Experimental and theoretical investigation of lithium-ion conductivity in Li2LaNbTiO7†
Abstract
In line with efforts to discover new classes of lithium-conducting solids, this work utilizes density functional theory (DFT), neutron diffraction, and electrochemical impedance spectroscopy to study the lithium ion mobility in the new Ruddlesden–Popper-type oxide, Li2LaNbTiO7, where bilayer stacks of (Nb/Ti)O6 octahedra are separated by layers of lithium ions. In this material, the lithium hopping distances have been shortened by incorporation of ions with smaller ionic radii, leading to a pronounced improvement in Li-ion conductivity in this family of oxides.

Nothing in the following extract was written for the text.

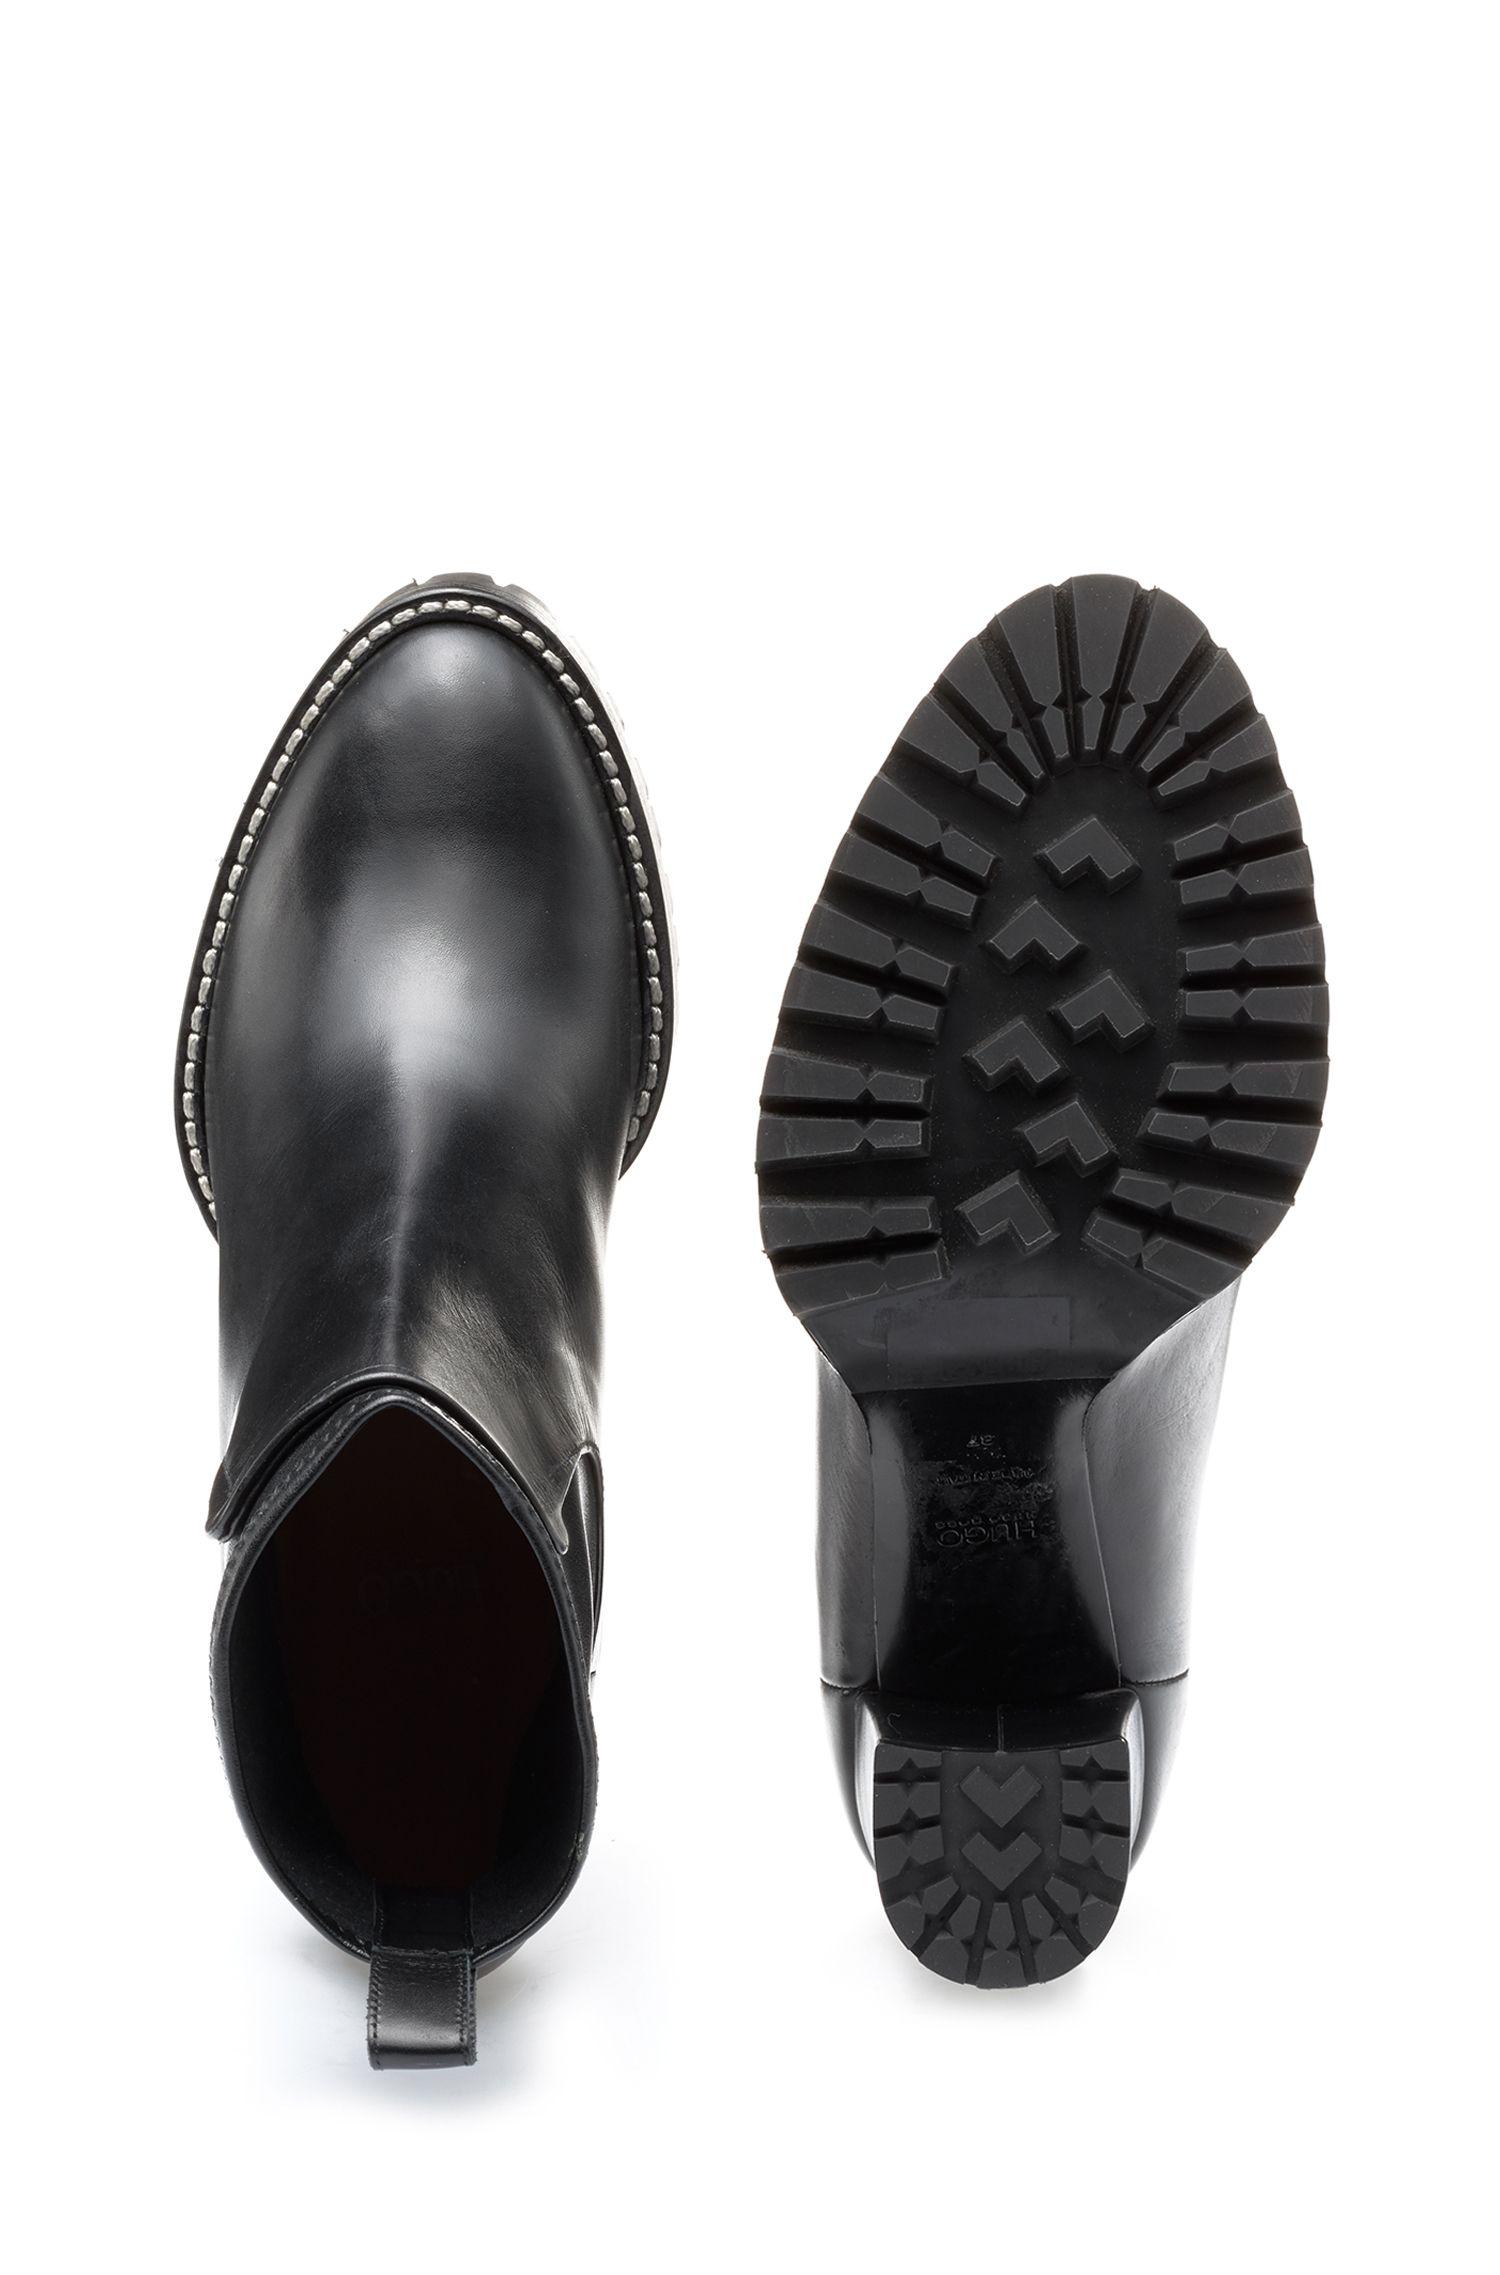 Leder-Boots mit Profilsohle und hohem Absatz, Schwarz

Further enhancement of Li-ion conductivity was achieved by creation of defects in the lithium layer through the synthesis of Li1.8LaNb1.2Ti0.8O7, which contains 10% lithium-deficiency. The defects facilitate the mobility of lithium ions, leading to greater Li-ion conductivity. Detailed analysis of real and imaginary components of impedance spectroscopy and dielectric properties highlight the impact of these strategies. Neutron diffraction helps with accurate determination of lithium positions given that lithium is nearly invisible to laboratory X-ray diffraction. DFT calculations show a wide band gap, and elucidate the direction of lithium diffusion in the material lattice, as well as the energy barriers associated with Li diffusion. These calculations show that lithium diffusion occurs parallel to b and c axes of the unit cell. They also show an energy bottleneck, which is a result of close proximity of lithium and oxygen in inter-stack spaces.